▶ Work required:
Pictures excluded, retype the lines from the one containing "La familia de" through the last line of the data below, both included.

▶ Data provided:

┄┄┄┄┄┄

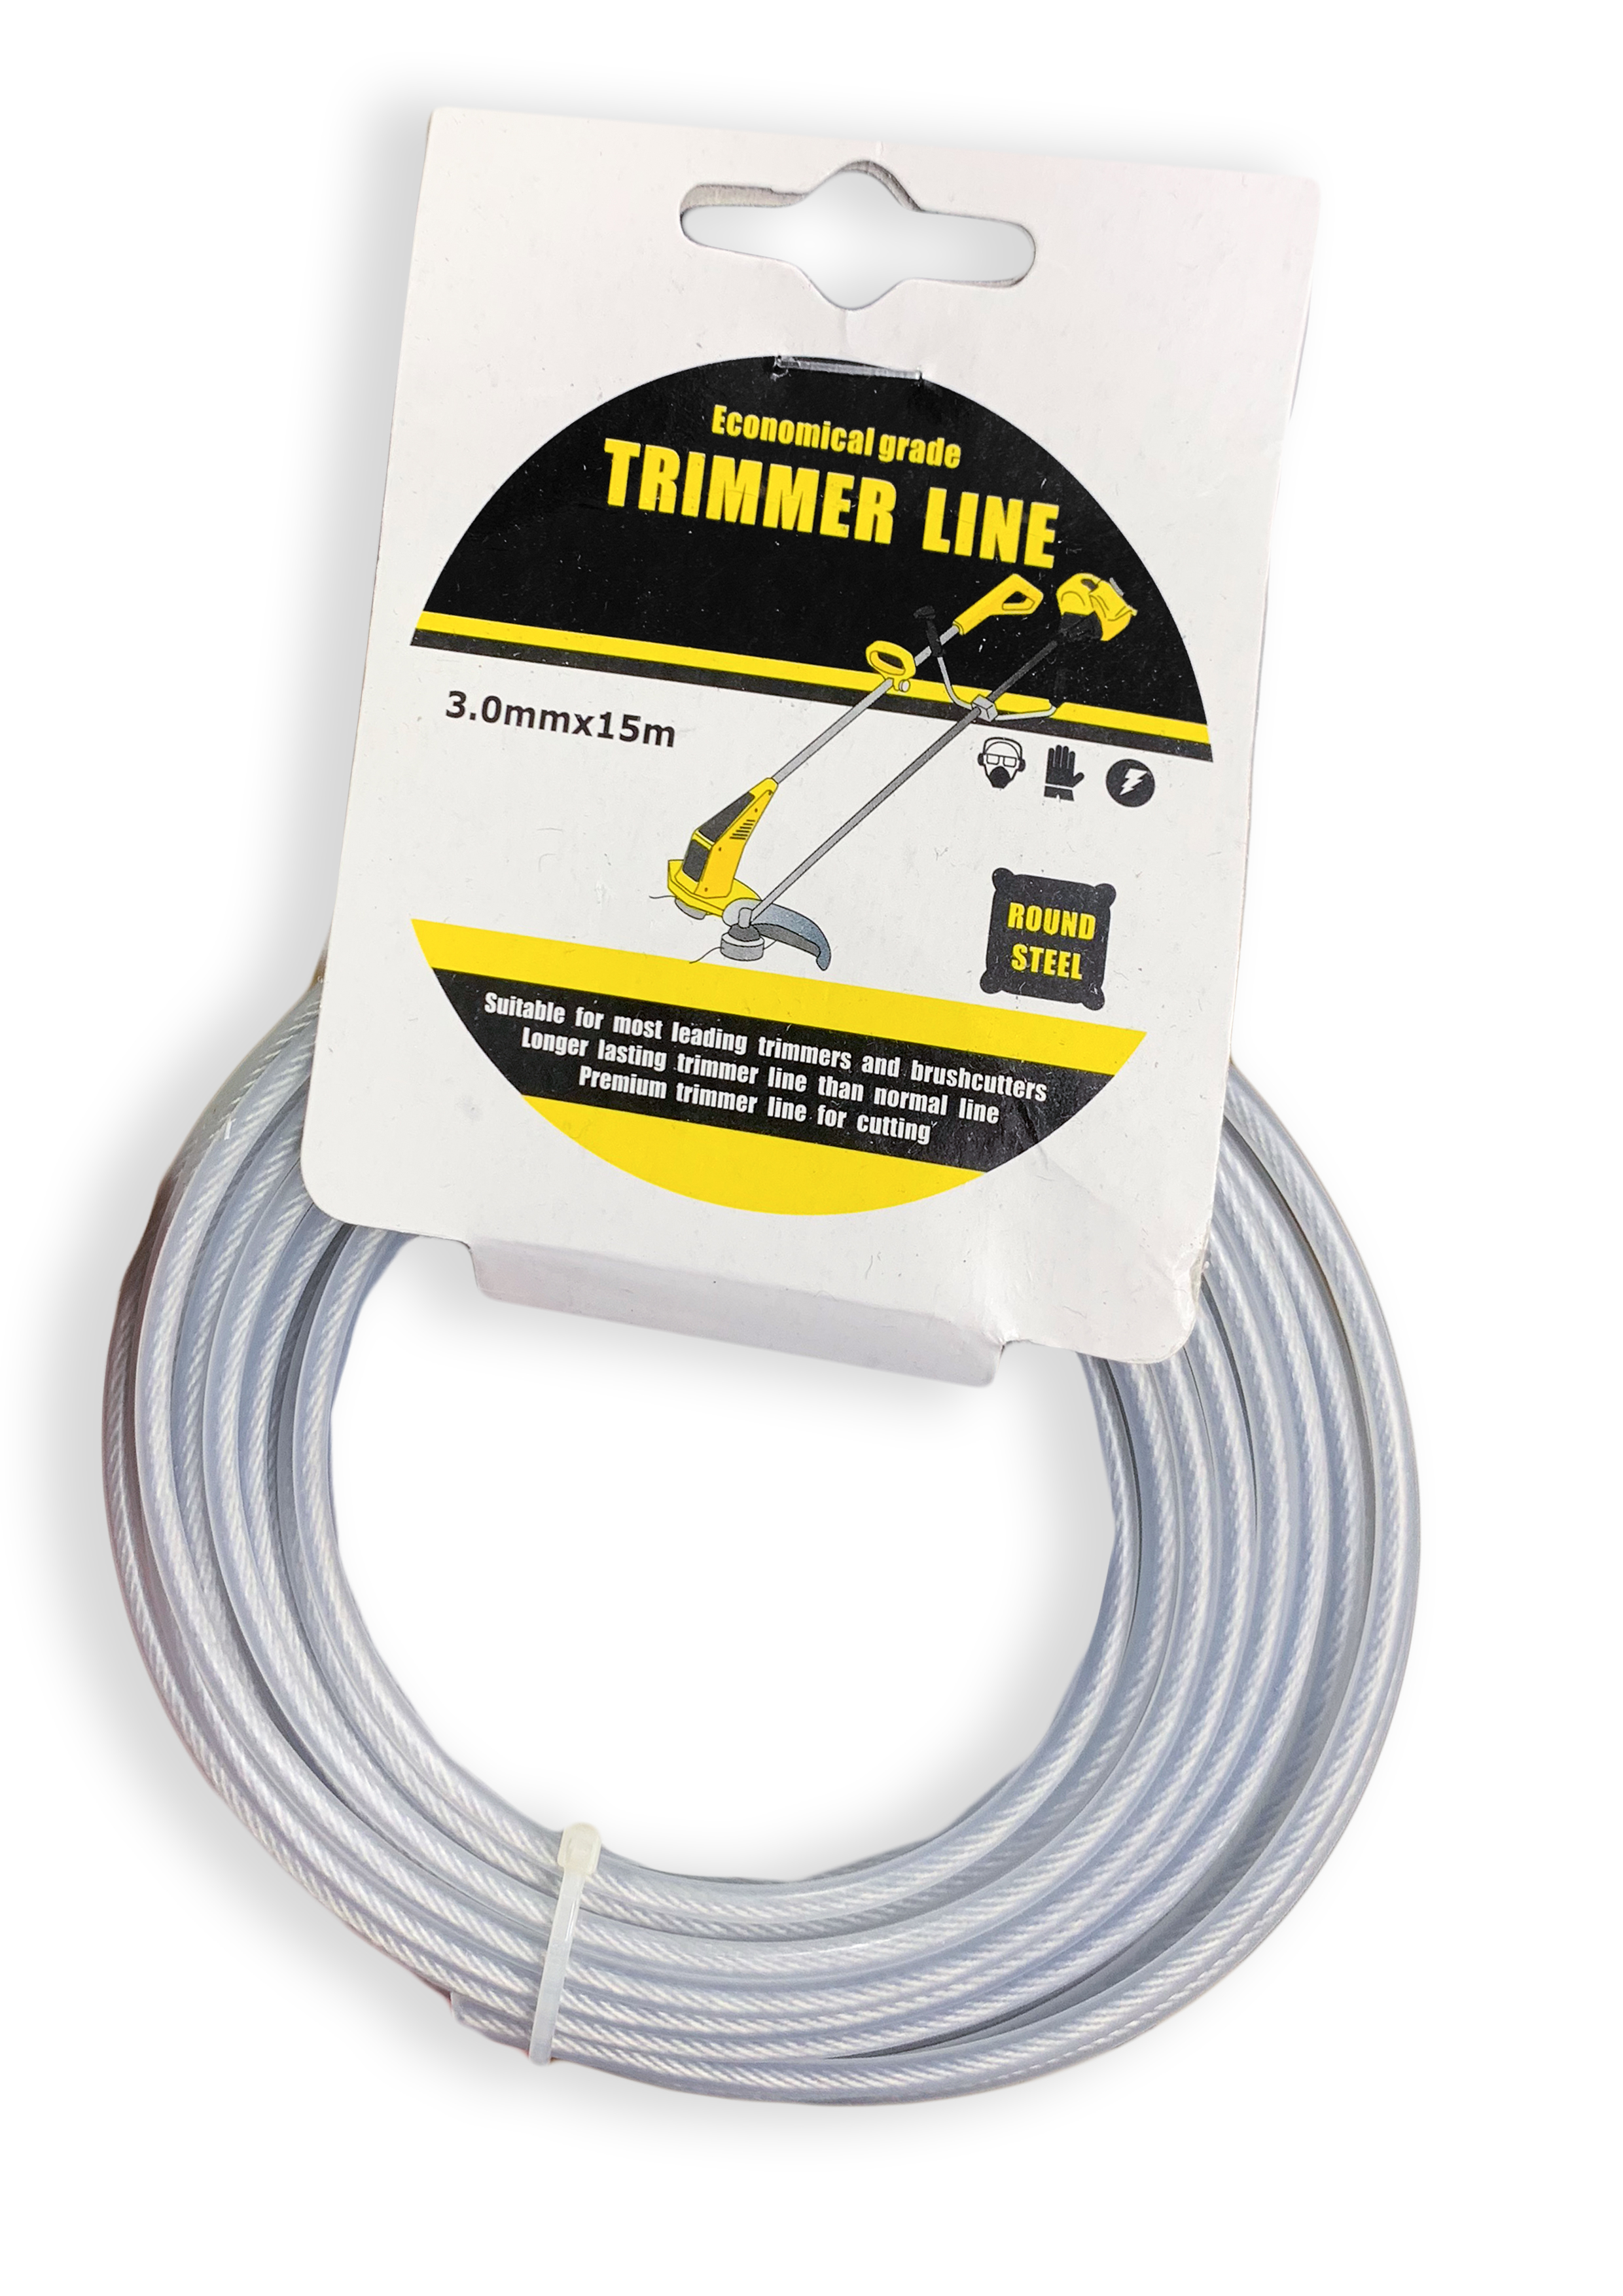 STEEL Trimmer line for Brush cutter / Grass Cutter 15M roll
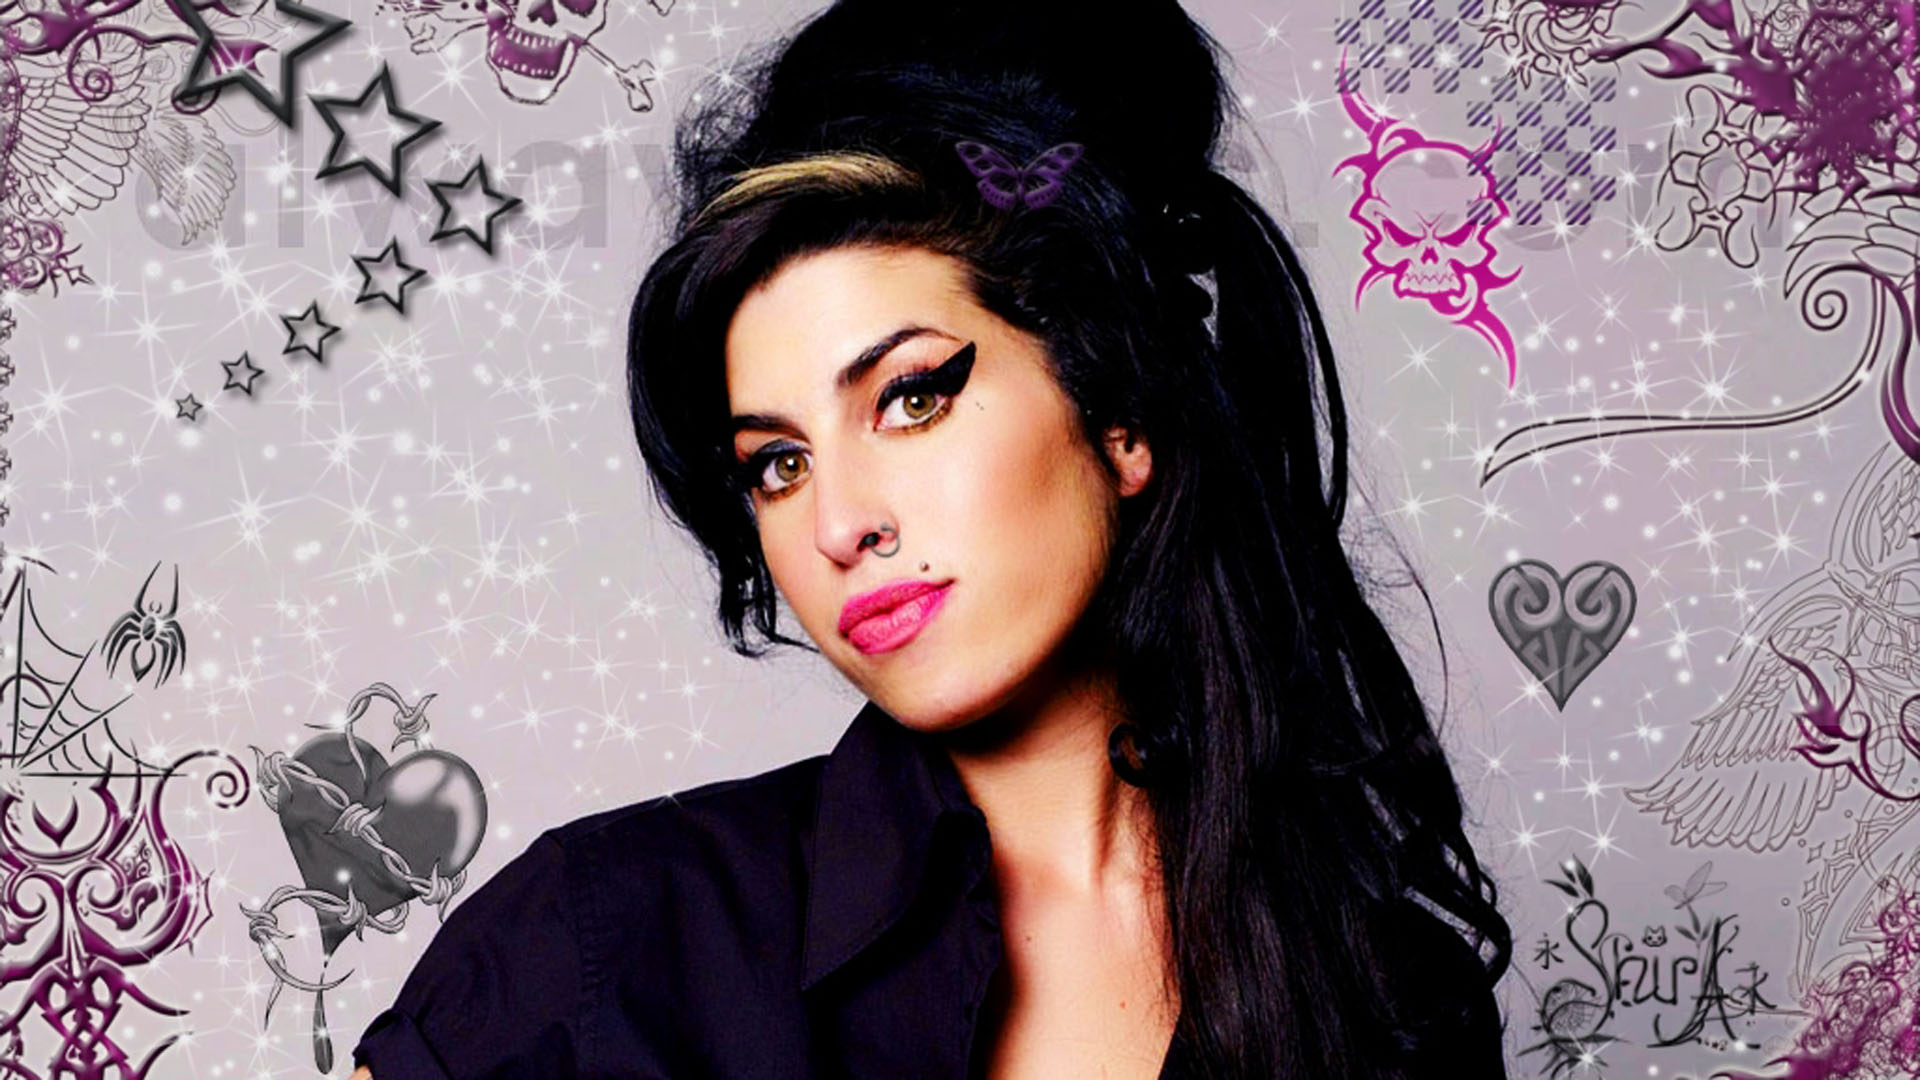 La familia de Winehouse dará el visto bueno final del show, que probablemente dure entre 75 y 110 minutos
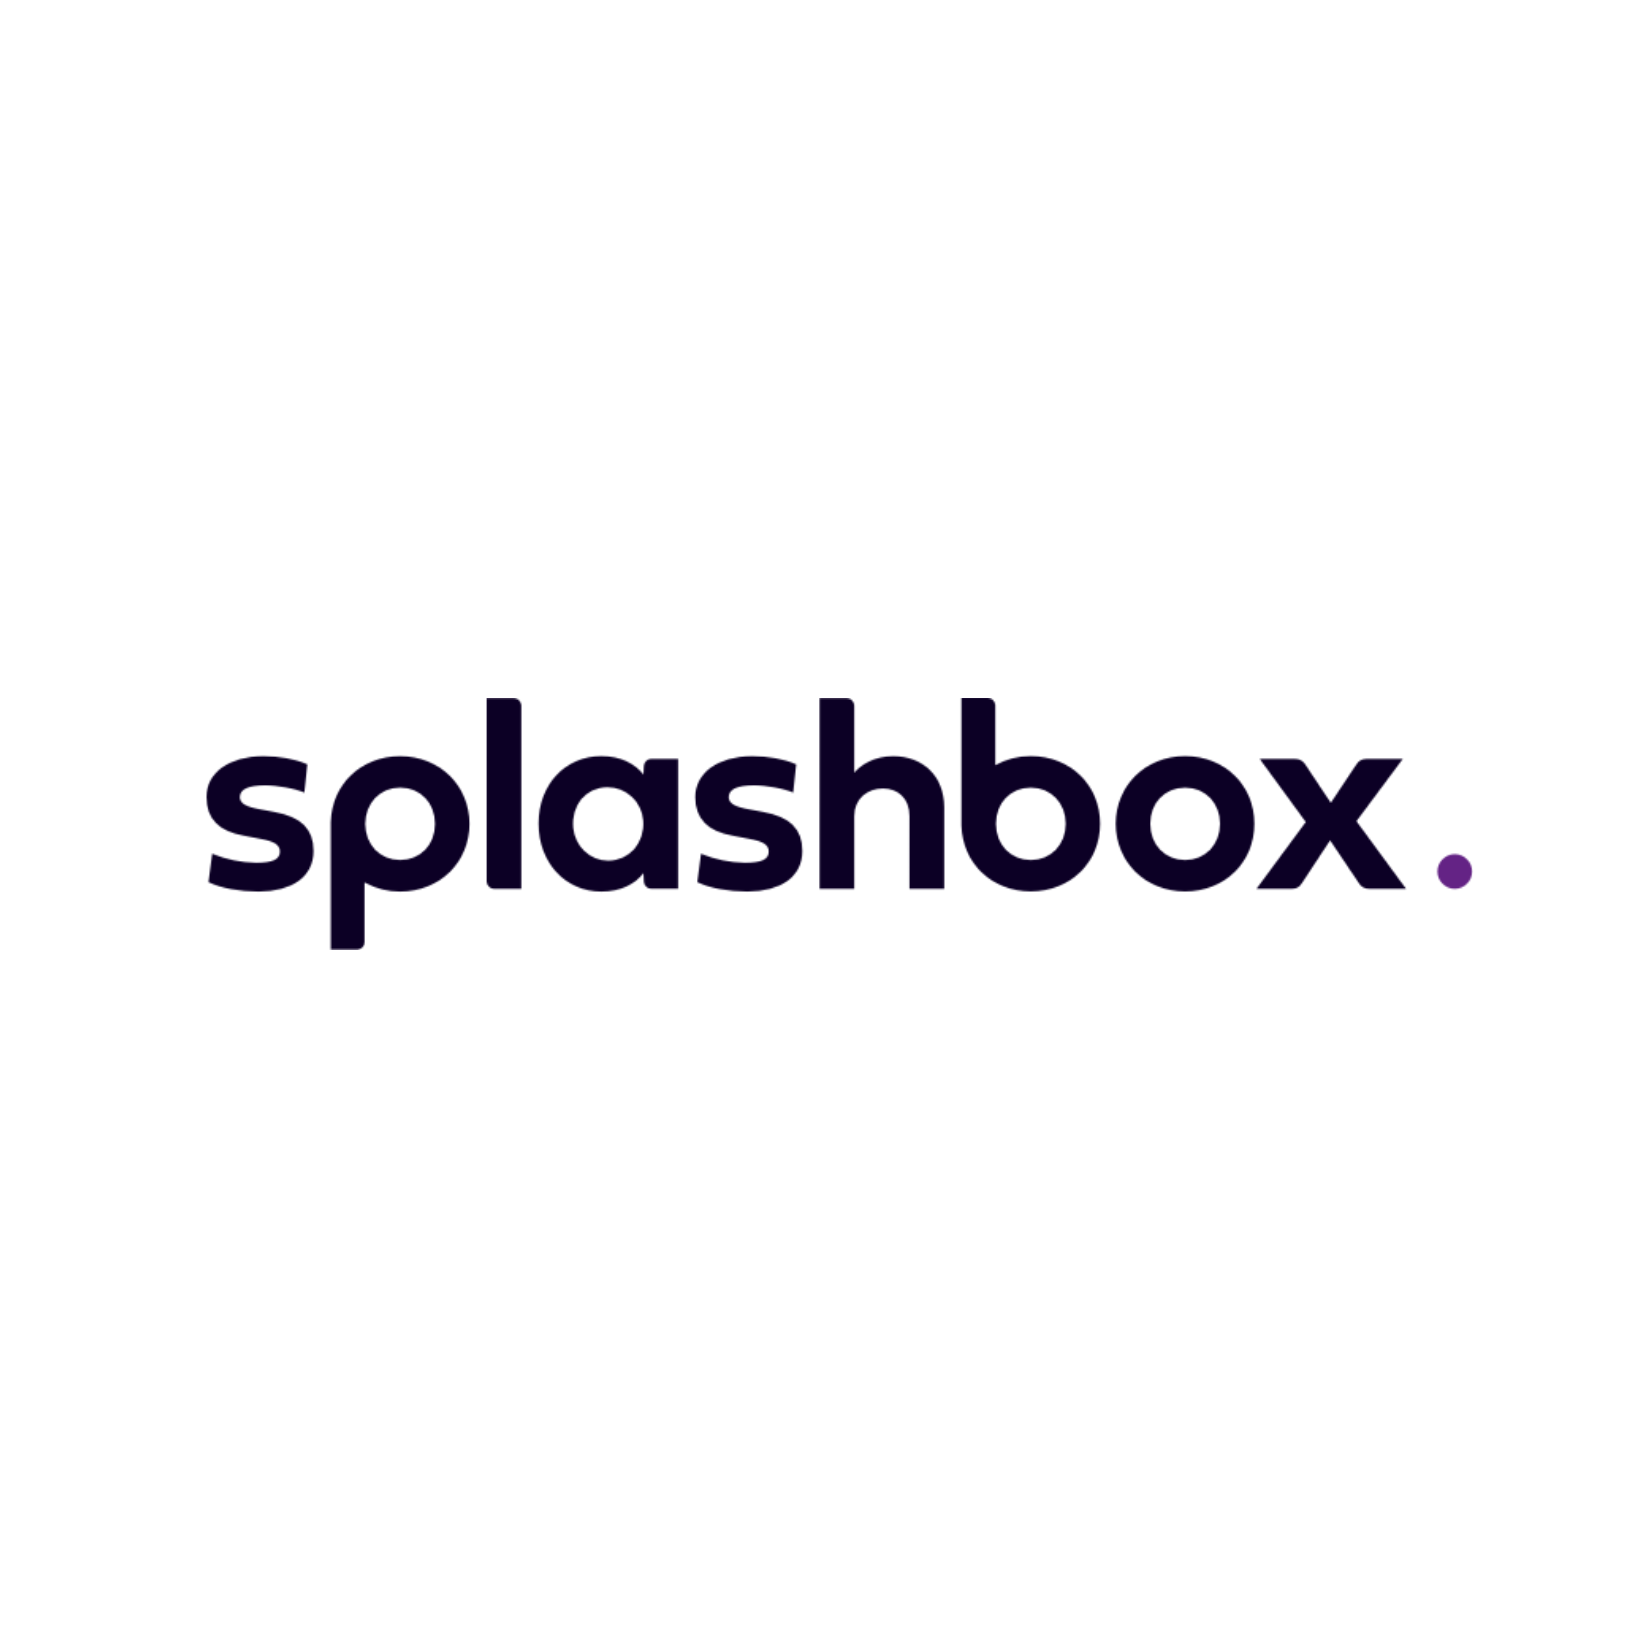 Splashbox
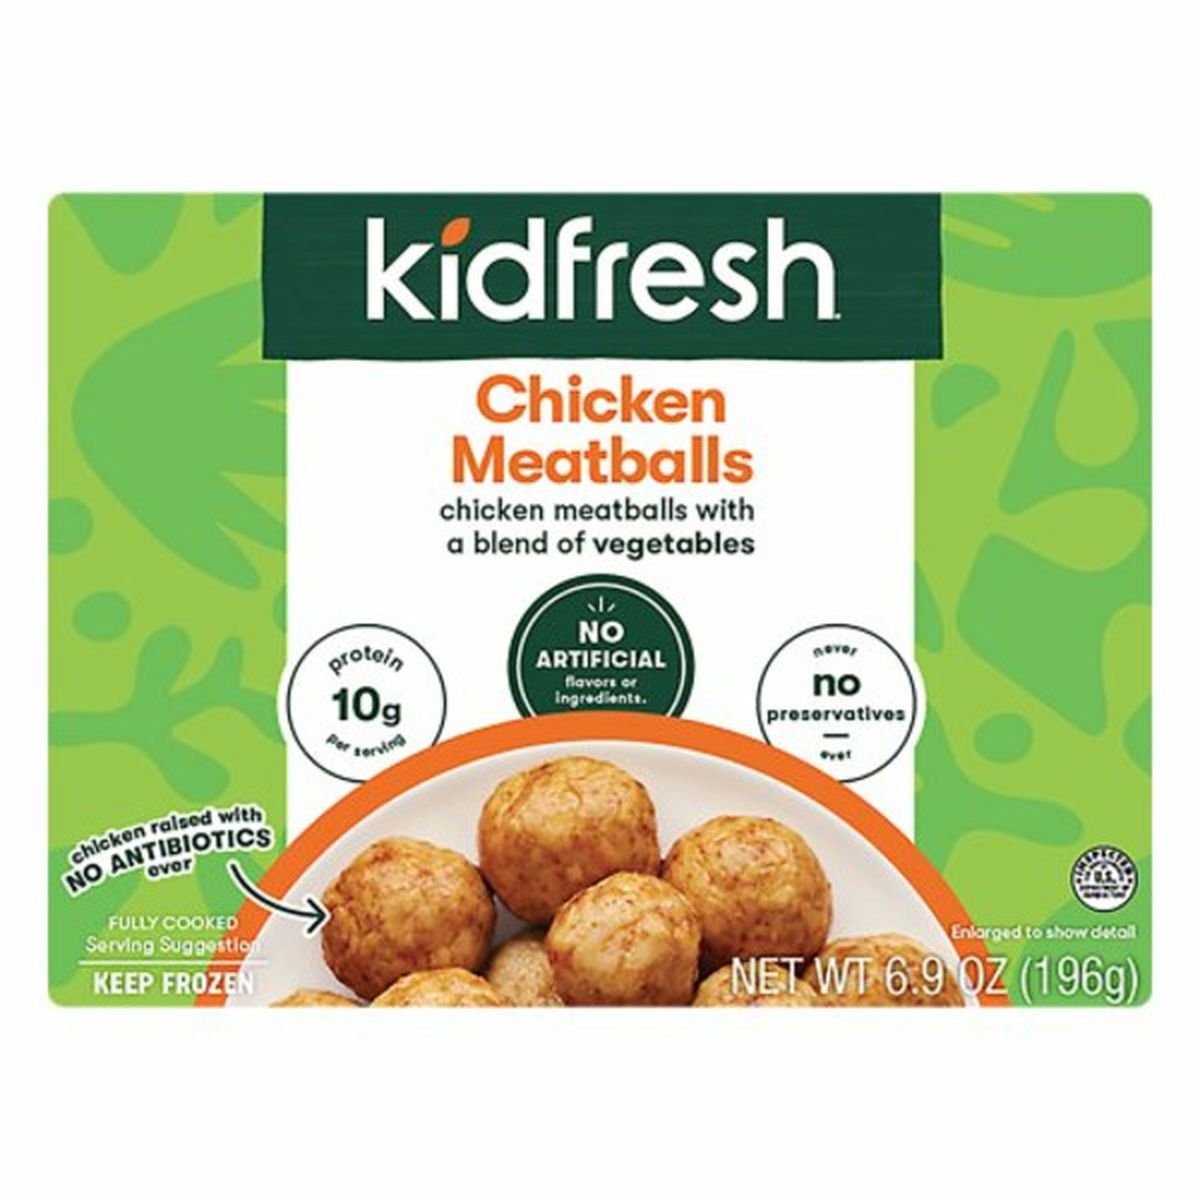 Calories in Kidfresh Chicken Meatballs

┄┄┄┄┄┄

▶ Response:
 La familia de Winehouse dará el visto bueno final del show, que probablemente dure entre 75 y 110 minutos
 Splashbox
 Calories in Kidfresh Chicken Meatballs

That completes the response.